Our survey instrument gathered data on student characteristics which, according to our review of previous research, might influence undergraduates’ attitudes towards environmental policies (see also [21,39]).
Social trust and trust in institutions are likely to encourage students to be broadly supportive of government intervention (since these students are more likely to believe that governments will act in the public interest). We used two questions to capture social trust: “Generally speaking, would you say that most people can be trusted, or that you can’t be too careful in dealing with people?” and “Generally speaking, do you think that most people would try to take advantage of you if they got the chance, or would they try to be fair?”; questions that are commonly used in order to measure generalized trust. The latter is, for example, based on the question in the World Values Survey. As expected, responses to these questions were positively correlated (Cronbach’s α: 0.71). Several studies of pro-environmental policy acceptance have highlighted that trust in institutions affects support for policy implementation (e.g., [37,40,41]). In order to capture trust in institutions, we used an item from a survey battery, where the respondents are asked whether their level of trust in a number of actors are trustworthy, including “Swedish authorities”, on a five-point-scale: “What level of trust do you have in the following institutions and groups? A great deal of trust; Quite a lot of trust; Neither a lot nor little trust; Little trust; Very little trust”.
We also included measurement of environmental protection norms, derived from value-belief-norm theory (ascribed personal environmental responsibility). We used the following items (in which students were asked to respond on a five point scale, from “disagree strongly” to “agree strongly”): ‘There is no point that I do what I can for the environment unless others do too’; ‘As long as all laws and regulations are adhered to, there is no reason for Swedish consumers to be concerned about possible environmental damage in other countries’; ‘My own lifestyle has contributed to the current environmental problems’; ‘I am co-responsible for protecting the world’s environment’; ’Ordinary citizens and not just authorities and decision makers carry a great deal of responsibility for the environment’; ‘I have no personal responsibility to protect the environment’; and ‘I could forgo holiday air travel to reduce emissions of greenhouse gases’. These items were well correlated (Cronbach’s α 0.72). A summary of sample characteristics is presented in Table 4.
We also control for ideological positions, measured at the first wave by the following item: “It is sometimes said that political opinions can be placed on a left-right scale. Where would you place yourself on such a scale?” where the respondents could place themselves on a five point Likert scale, from “Clearly to the left” to “Clearly to the right”.

4. Results

4.1. Changes in Policy Attitudes among Students in Economics after One Semester

Aggregate results are summarised in Table 5. These show a small increase in economics students’ acceptance of market-based instruments and a small decrease in acceptance of non-market-based instruments. The increase in the acceptance of market-based policies was largely driven by greater support for the use of subsidies. Survey responses from other students studying law or politics did not show a significant change regarding market-based institutions. Law students do, however, become less accepting of the other instruments.

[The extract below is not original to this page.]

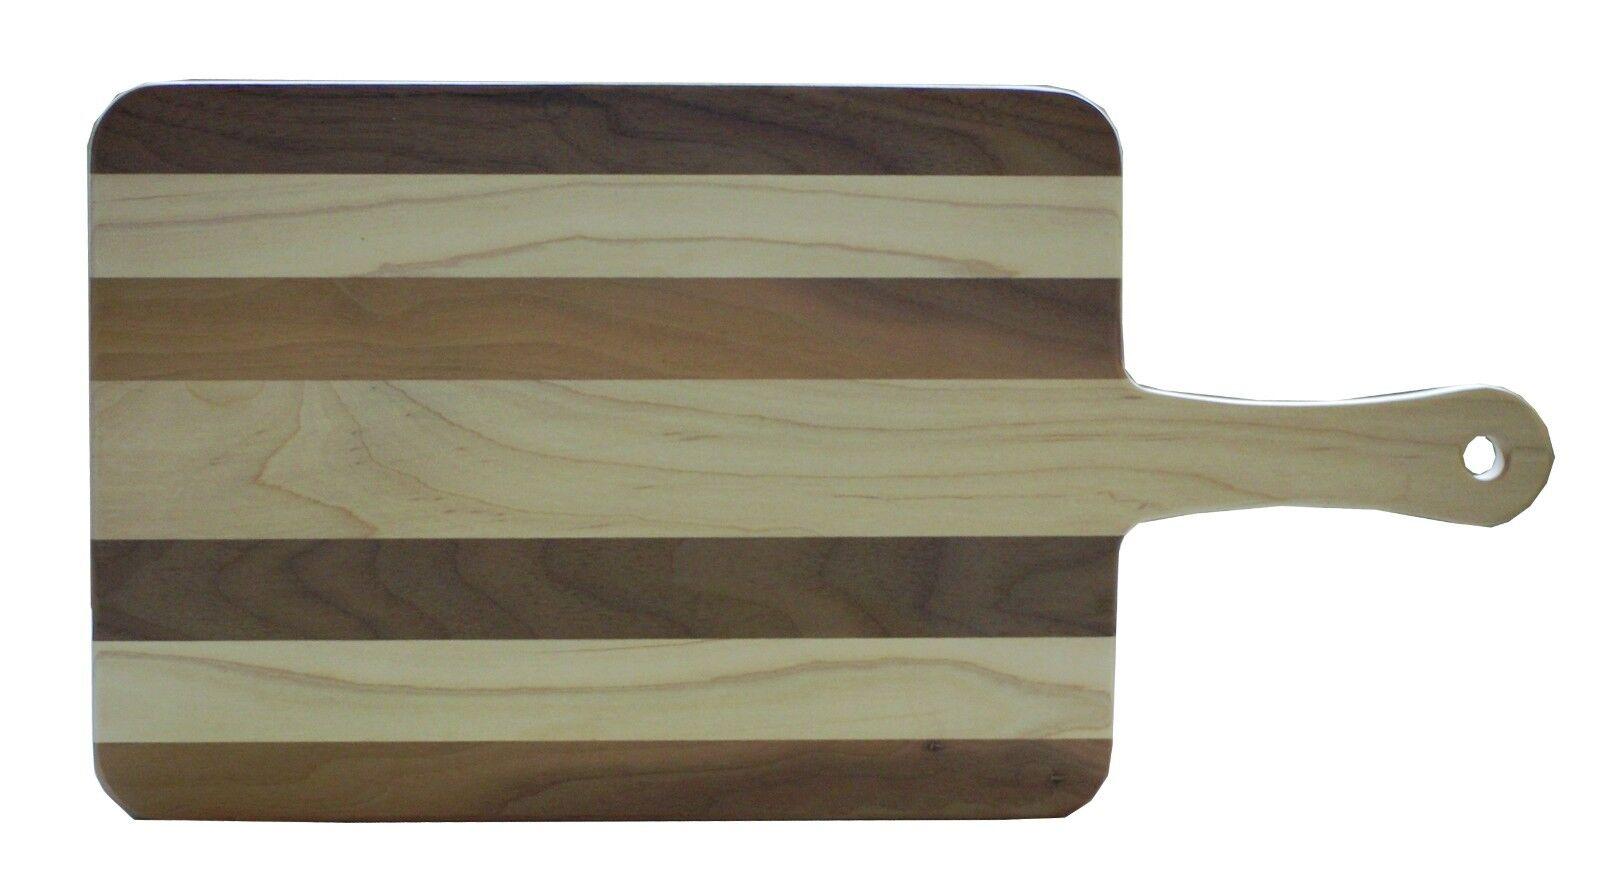 Walnut and Maple Wood Paddle Cutting Board - 2 Sizes - Kitchen - Amish Made USA

4.2. Changes in Knowledge among Students in Economics after One Semester

First, we observed no difference between the students enrolled in economics modules and the students enrolled in law and politics modules, in terms of the average performance on the economics multiple choice questions in the first survey. There did not appear to be any self-selection effect on the knowledge of economics. However, the students enrolled on the economics modules improved their performance on the two questions that were included in both surveys. The proportion of students in economics modules giving the correct answer increased from 34% to 51% on question 1 (on supply, demand, and the efficiency of markets), and from 32% to 45% on question 2 (on government policy to address market failure in the context of environmental problems). There was no change between the two surveys in the performance of students enrolled on the law and politics modules. These comparisons suggest (i) that the improvement in the performance of the economics students was not the result of repeated testing with the same questions and (ii) that the questions did capture elements of the economic reasoning which the economics teaching was intending to develop.
For the third question about “externalities”, where the question is exchanged between the first and second step, we found that there are no substantial differences between economists (18%) and the other students (22%) in the first survey. In the second survey, the differences are larger, as 66% of the economics students chose the correct answer, while only 41% of the other students chose the correct answer. This question is not included in the further analyses.
The aggregate analysis suggests that students enrolled in economics modules improved their understanding of economics, became more convinced about the efficacy of market-based policies, and became more positive towards those policies. We then compared the policy attitudes of those students in the economics modules who answered the economics knowledge questions correctly, and those who did not. We found no significant difference. This result might be generated by confounding differences at an individual level, so we now turn to individual level multivariate analysis.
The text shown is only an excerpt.